Response and Reactions to the Photograph
Photographer John Moran reflected in a spherical mirror at Judge Field's
garden (now Guernsey Hall) in 1868.
A daguerreotype of members of the class of 1843. This daguerreotype is believed to be the earliest group portrait of members of a class at Princeton.
Montgomery P. Simons (1816-1877), a well-known Philadelphia-area daguerreotypist, took daguerreotype portraits of many Princeton faculty and students in the 1840s and 1850s. This composite daguerreotype portrait from 1851 of the faculty was taken by Simons. It pictures, left to right, on the top, Stephen Alexander, President James Carnahan, Matthew B. Hope (?), and on the bottom, John Torrey, John Maclean, and John Duffield.

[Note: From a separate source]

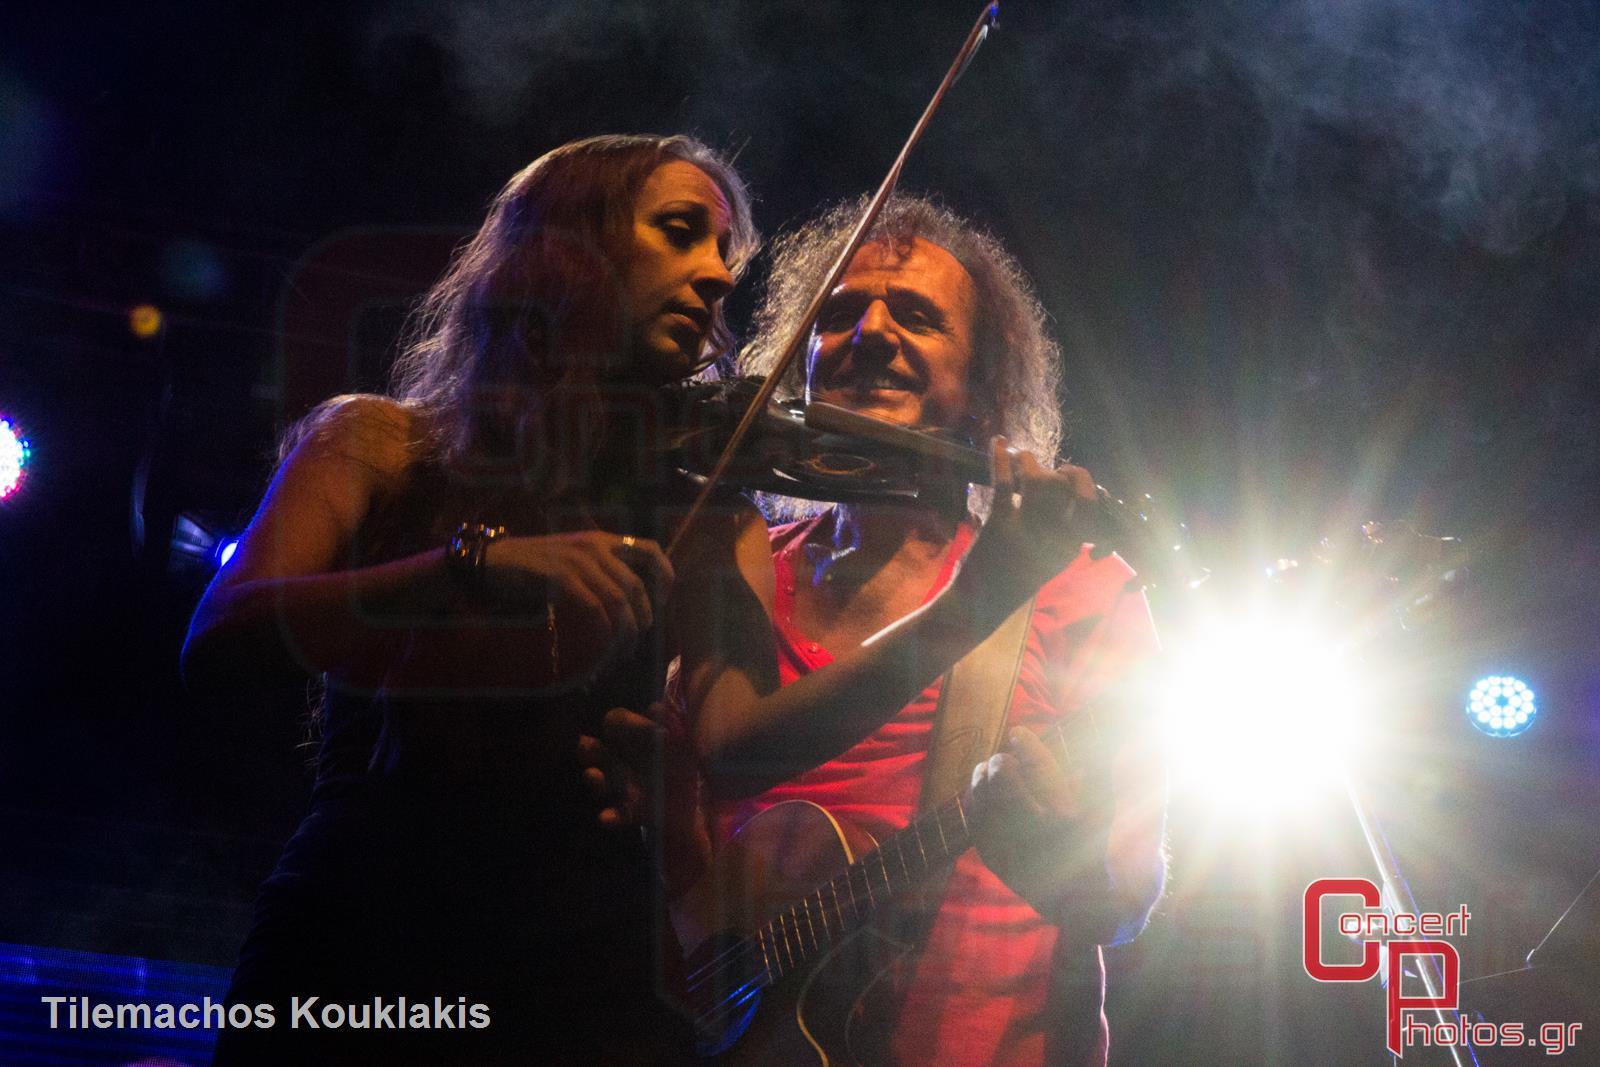 Βασίλης Παπακωνσταντίνου - 40 Χρόνια Έφηβος-Vasilis Papakonstantinou 40 Chronia Efivos photographer: Tilemachos Kouklakis - concertphotos_-4896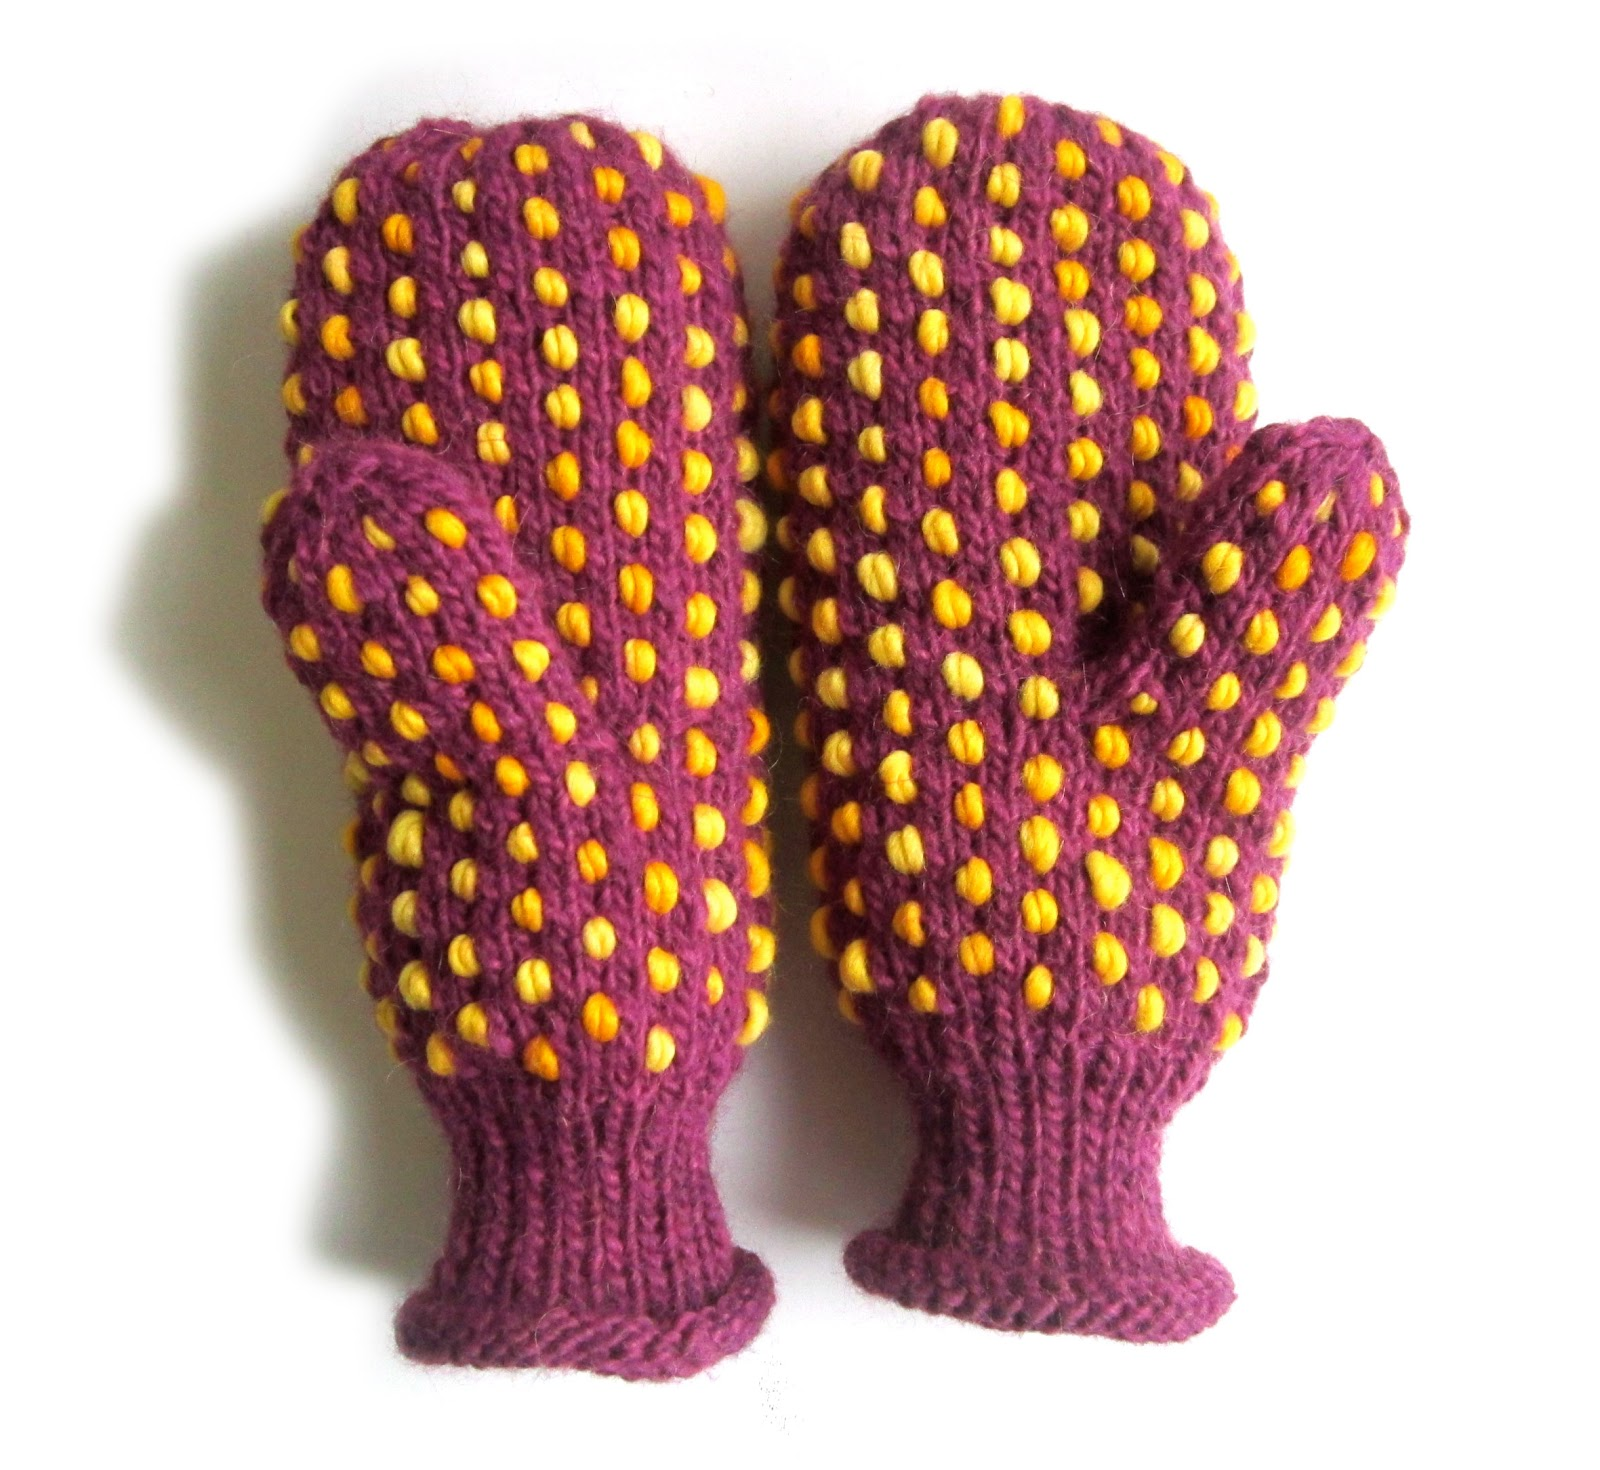 Knitting Pattern For Small Mittens : TECHknitting: Stuffed Mittens

Joseph Henry, Professor of Natural Philosophy (what we call physics), utilized the medium of photography in his experiments on electricity and magnetism. He attempted to capture an electrical impression on a daguerrotype plate.
This photograph, taken by the photographer William R. Howell, shows the tallest and shortest men in the class of 1873. In the nineteenth century photographers came each year to Princeton to photograph the class. Students chose images from a list of photographs, creating a photograph album which documented their years at Princeton.
By 1891 photography, both the word and the medium, had become truly commonplace. Students took photographs with their own cameras and they surrounded themselves with photographs in their dormitory rooms. Here John M. Brennan (1892) and Chester Baylis (1892) sit reading by their fireplace, adorned with photographs, in their room in 14 North Dod Hall.